The Bright Sword

Cover of The Bright Sword

Author: Grossman, Lev

Tags: fantasy

Timeline: between and Tue Jan 14 2025 00:00:00 GMT+0000 (Coordinated Universal Time)

“Crouching in the stern, he watched the umbilical of wake that connected him to his island home disperse and fade away. The sky above Mull was wild and windblown, here dropping curtains of gray rain, there lighting up a headland with a clear shaft of sunlight that made it look like a lost paradise. The island’s bumpy silhouette got thinner and thinner till he could cover it with two fingers, and it became the small, insignificant thing he always knew it was.”

Colum comes from a tiny island in the far north of Britain and has trained for more than 10 years to be a knight. After his father finally frees him he spends weeks walking to arrive in Camelot only to discover that Arthur is dead, only a handful of the 80(?) knights remain, Queen Guinevere is in a nunnery and the Kingdom is broken. Will God choose a new King or will Britain revert to the old pagan ways. The Christian god is always in the background remote and silent right up until he grants miracles that are sometimes cruel and at other times merciful (yes angels make an appearance). With no handy sword in the stone around to choose a new king, Colum joins the Knights in a hunt for the new King. Along the way they are severely tested by many different challenges including Morgana Le Faye, Mordred, demons, dragons curses and more mundane power politics by other competing kings. Besides the questing the book tells the personal stories of our remaining knights who have struggled with their identities as christians, as men and as knights.
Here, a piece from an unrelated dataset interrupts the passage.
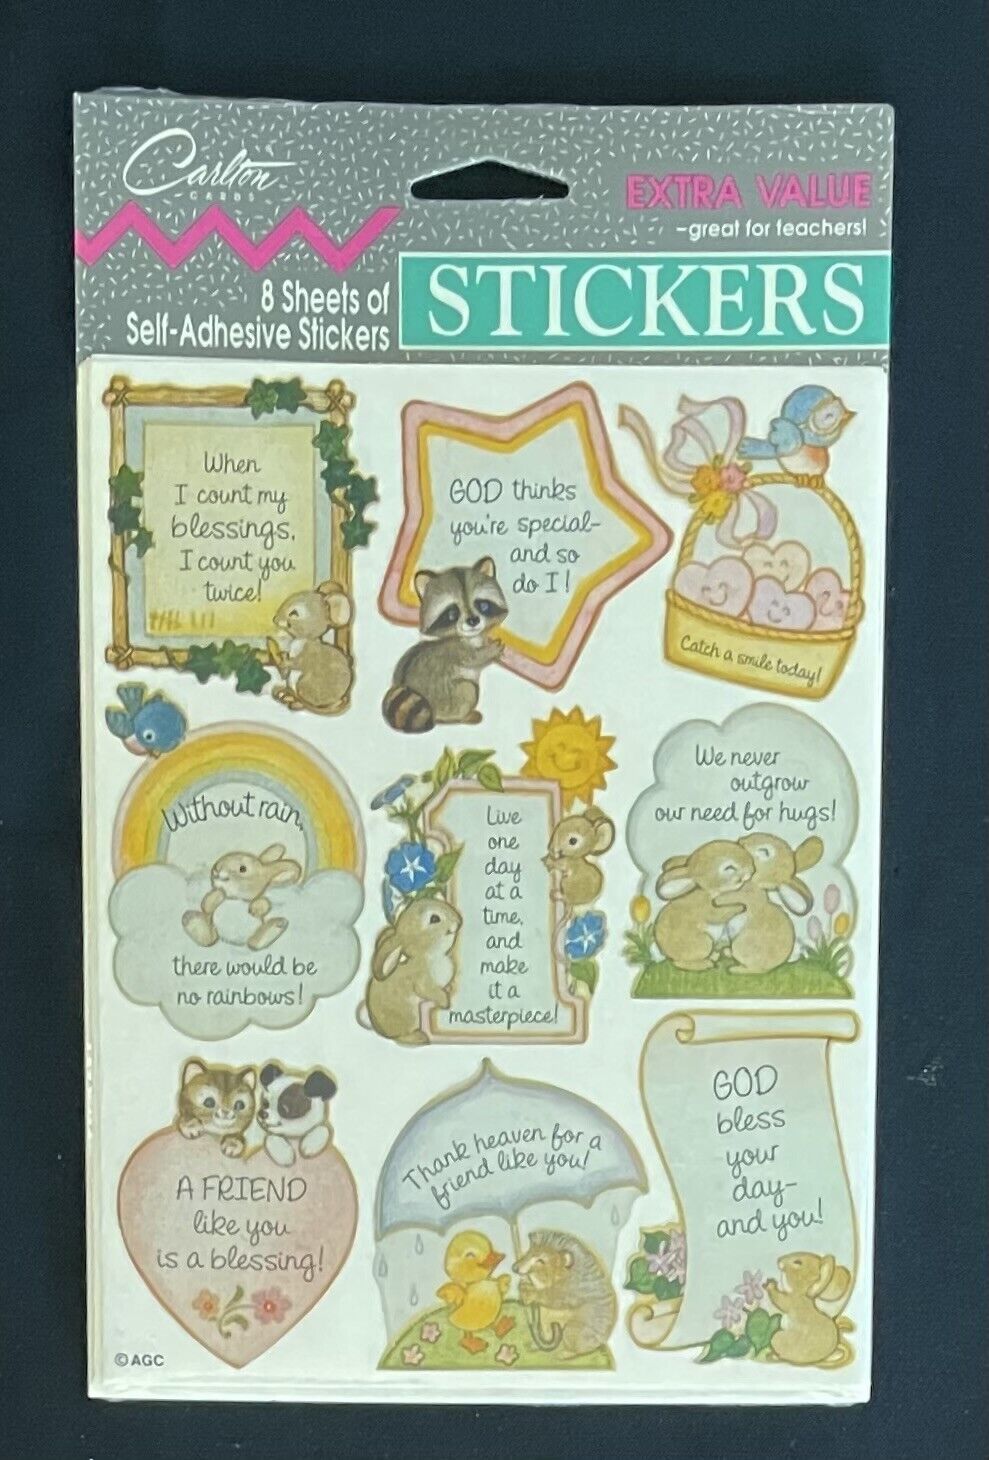 Vintage Carlton Cards/AGC, Inc. Religion Themed Stickers 8 Sheets FACTORY SEALED

Mr Grossman’s prose is clever, frequently beautiful and the adventures are of the milieu you expect from the Arthurian canon: damsels in shimmering samite, enchanted swords, mysterious knights of various colors, jousting, riddles that must be solved to lift curses. For added bonus, not just one lady in the lake, and one of them is very put out when she winds up in the ocean because somebody abandoned excalibur in the nearest convenient body of water.